Он случайно не станет Сергеем номер два?
За него мама с дочкой не будут сражаться? Может, Елене Сергеевне сделать еще одну попытку стать матерью – от моего соседа? Кстати, теперь и дочка, и, главное, мамаша, воспылали ко мне любовью. Может, потому что Сергей больше никому из них не нужен?
Более того, оказалось, что мама с дочкой возлюбили не только меня, но и друг друга, имея для этого веские основания. Денежные. Они совместными усилиями намеревались вывести господина Колобова на чистую воду, считая его главной причиной всех несчастий, выпавших на долю их семьи. В присутствии моих соседей они обменялись информацией и полили Александра Ивановича таким потоком грязи, что ему, наверное, не то что икалось, а даже одевалось, причем долго и интенсивно.
С Аллой все было понятно сразу. Ее, саму невинность, взяли в плен и держали прикованной к шесту, словно какую-то стриптизершу.
А Елена Сергеевна… Она считала, что ей пришлось провести некоторое время в СИЗО только из-за Колобова.
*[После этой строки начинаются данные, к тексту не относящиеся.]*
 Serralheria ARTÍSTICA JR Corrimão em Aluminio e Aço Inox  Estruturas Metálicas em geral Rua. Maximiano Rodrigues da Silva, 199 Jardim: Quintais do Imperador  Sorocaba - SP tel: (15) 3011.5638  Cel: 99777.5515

– Не поняла, – призналась я. – Значит, все же его молодцы Редьку на тот свет отправили?
И Витька правду вещал про яд?
Ни Витька, ни яд, ни Редькина смерть в сольном выступлении мамаши не упоминались.
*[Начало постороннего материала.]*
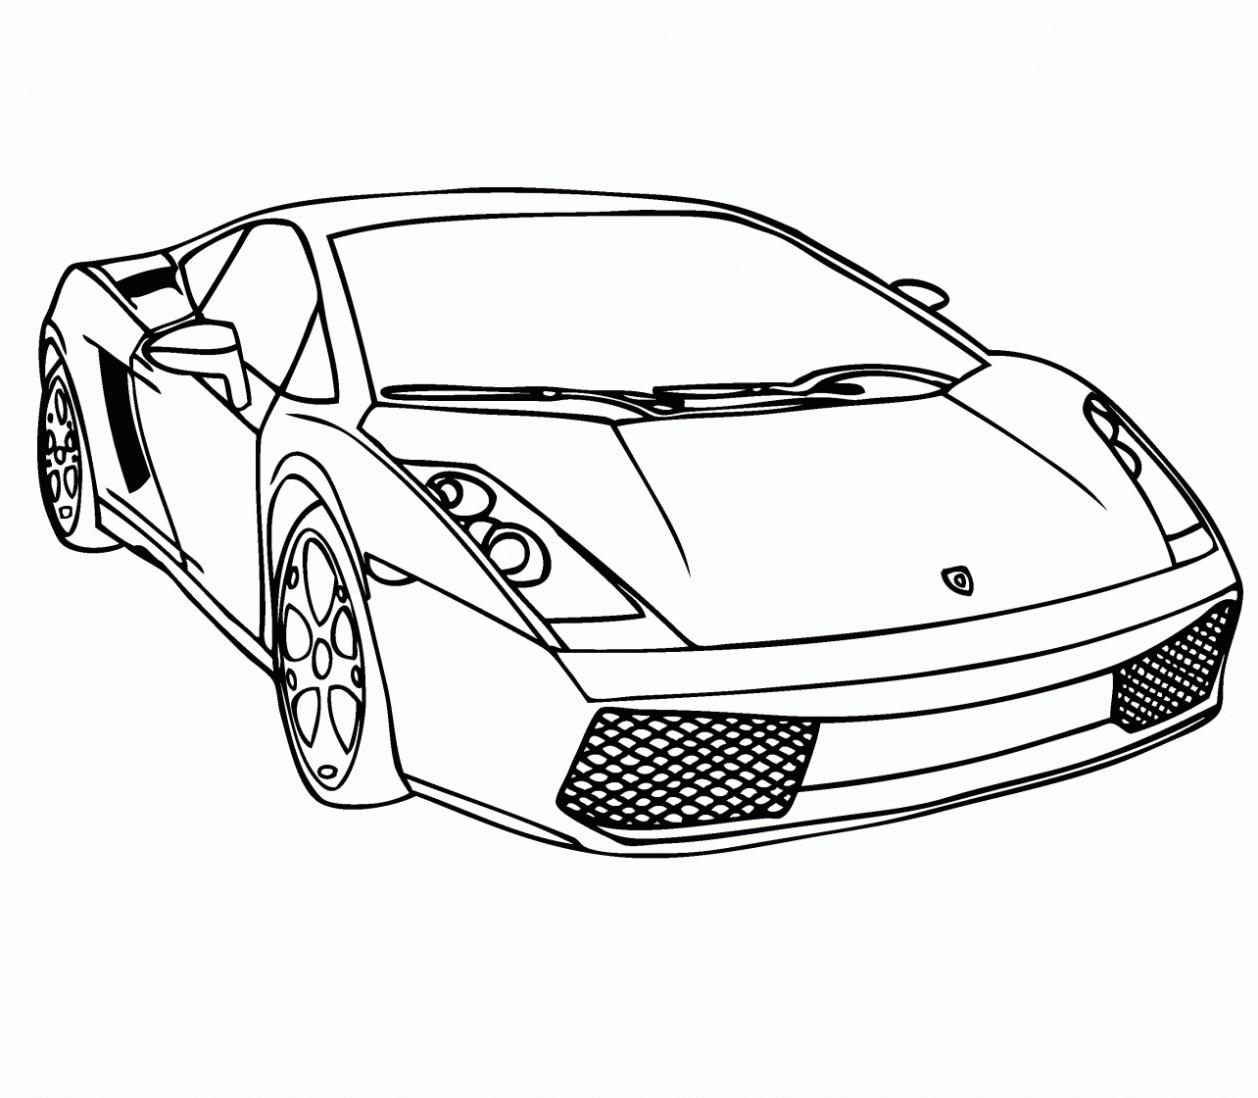 Ausmalbild Rennauto | Malvorlage Auto, Ausmalbilder Zum über Auto Zum Ausmalen

Ее выпустили только после того, как она в письменном виде согласилась передать Колобову девятнадцать с половиной процентов акций фирмы, которые получает в наследство от умершего мужа. Бумажки на подпись ей подсунул ловкий колобовский адвокат. Ее в самом деле отпустили через несколько часов после того, как она их подписала, и сняли все обвинения.
– Почему такая сумма? – спросила я. – И сколько ей остается?
– Она об этом как раз с тобой посоветоваться хотела, – вставил Стае.
"Ну это лучше к нашему экономическому обозревателю", – подумала я и попыталась оценить ситуацию. Фирма принадлежала Редьке и Колобову. Колобову – пятьдесят один процент, как он мне сам сообщил в сарае. Сколько же у Редьки? Сорок девять или меньше? На этот вопрос мог бы ответить Сергей, но я сегодня его об этом, конечно, не спрашивала. Но в принципе можно дать задание Андрею. Он мне сообщит.
Кто наследует у Редьки? По всей вероятности, Елена Сергеевна и Алла. Но дочь пока ничего подписывать не просили – или не успели. Может, ждали, пока созреет у шеста? И именно это и было истинной причиной взятия ее в плен?
Колобов же умный человек. Наверное, понимал, что два миллиона баксов не у Аллочки хранятся.
А у Редьки вполне могло быть тридцать девять процентов. Делим на два – как раз и получается девятнадцать с половиной. Столько же должна была унаследовать Алла.
Но с другой стороны, какое мне до них до всех дело? Я вообще-то криминальный обозреватель. Мне надо думать о материале в следующий номер, о следующей передаче. "Хотя вот тебе и материал", – тут же сказала я сама себе.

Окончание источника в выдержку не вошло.